California Legislators Shelter DMV from Intrepid State Auditor Elaine Howle

State officials who show diligence at their job are not easy to find in California. One notable exception is State Auditor Elaine Howle, who has been on a roll of late. As we noted, Howle found that California State University bosses had stashed away $1.5 billion in discretionary reserves while jacking up tuition and hitting up the legislature for more money. In similar style, University of California president Janet Napolitano, a former Arizona governor and Department of Homeland Security boss, was hiking tuition while stashing away $175 million. Howle’s auditors made this discovery despite efforts interference from Napolitano’s office. California’s Department of Motor Vehicles cries out for that kind of investigatory diligence, but legislators and government unions won’t let Howle near the place. 

“For the second time in the past 12 months,” Bryan Anderson of the Sacramento Bee reports, “California Democrats declined to open an independent investigation into the state’s Department of Motor Vehicles.” The audit request was “the most sweeping review” of the “motor voter” program and new federal ID requirement. 

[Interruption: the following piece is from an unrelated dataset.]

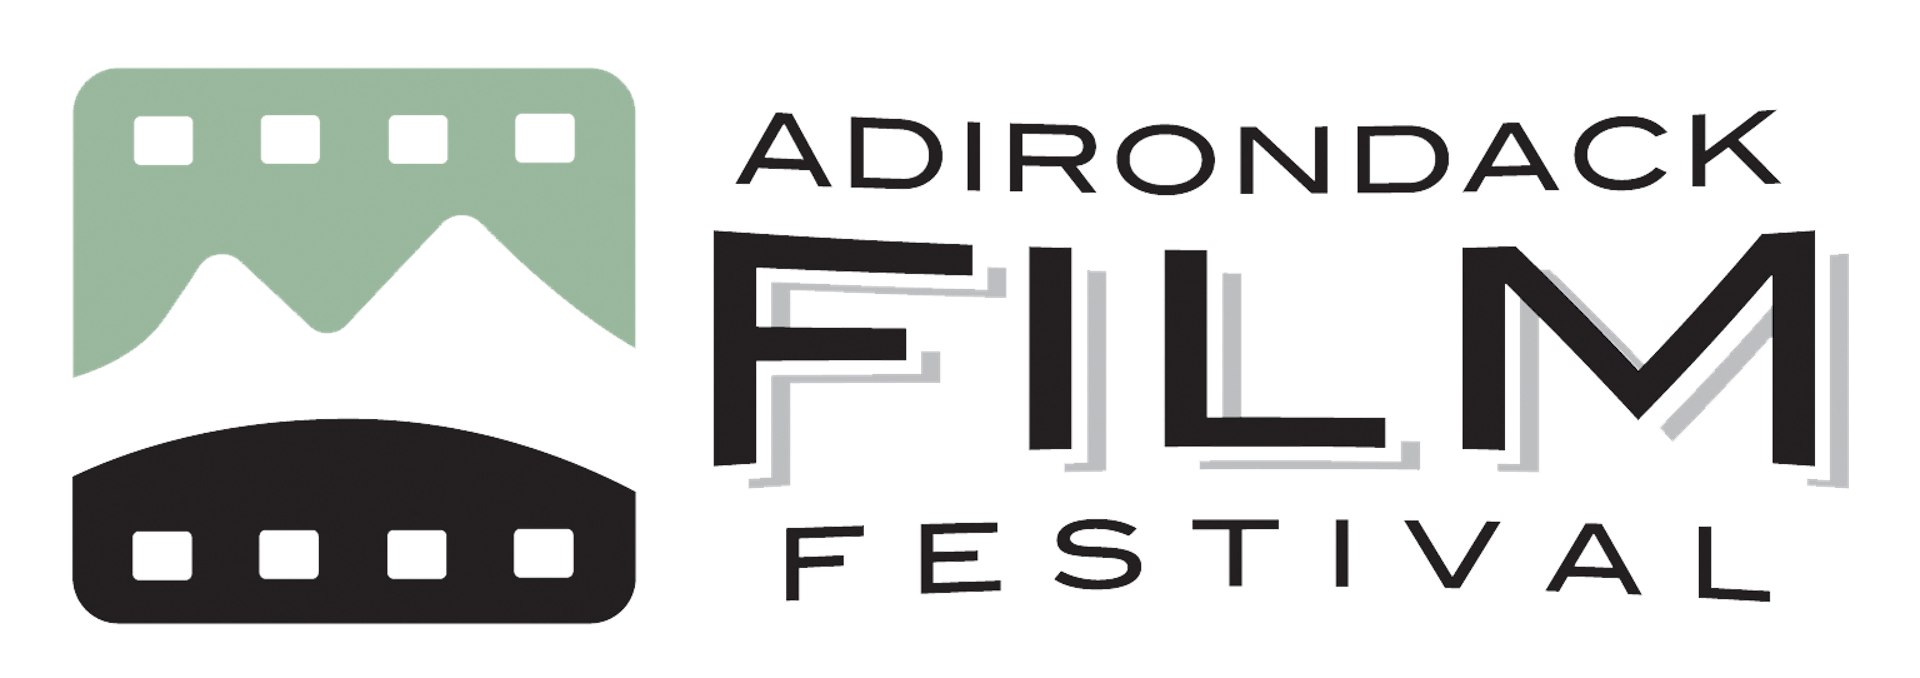 Schedule | Adirondack Film Festival 2021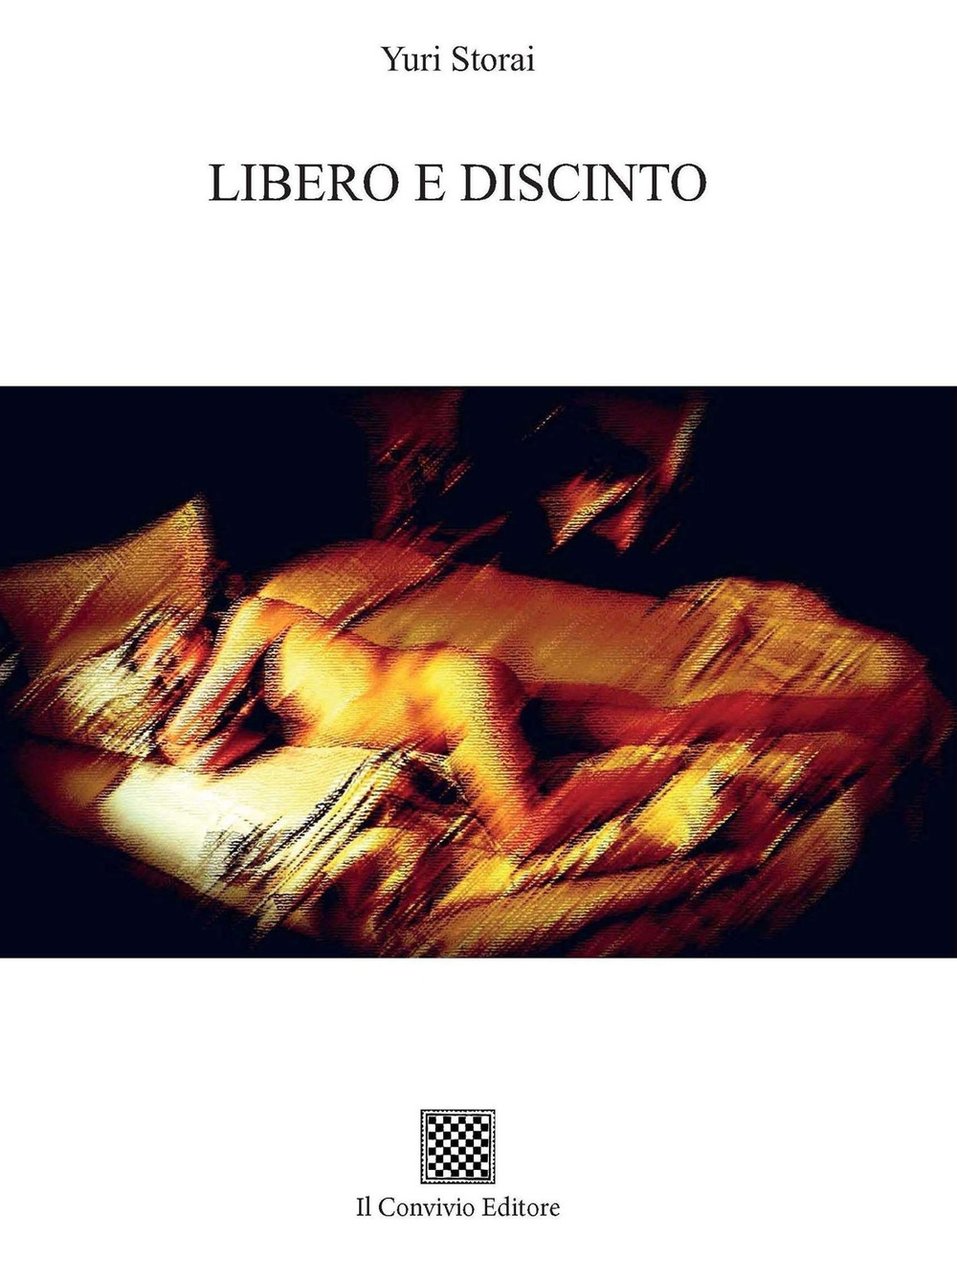 Libero e Discinto, Castiglione di Sicilia, Il Convivio Editore, 2021

Four Senate Democrats voted against the request, which would have deployed state auditor Elaine Howle. Local 1000 of the Service Employees International Union (SEIU) also urged legislators to reject an independent audit, which union bosses viewed as “premature.” The SEIU represents DMV employees across the state and last year, as ABC News reported, “a key data operator at the Department of Motor Vehicles failed to perform her essential duties over a period of nearly four years because she slept at her desk for extended periods of time during work hours.” The employee was not named and by all indications remains on the job. 

Gov. Gavin Newsom has appointed a “strike team” and an outside law firm to investigate the DMV. As Anderson helpfully noted, Elaine Howle “does not report to the Governor’s Office and is considered independent of state government’s executive branch.” That’s why the governor, legislators and government union bosses want to keep her away. Little if any change is likely but there may be another takeaway for taxpayers. 

The DMV is a protected government monopoly, and if Californian’s don’t like it they can’t go to Frank & Don’s DMV down the street. The incompetent, unaccountable DMV could preview what government monopoly health care would look like in California. 

K. Lloyd Billingsley is a Policy Fellow at the Independent Institute and a columnist at American Greatness.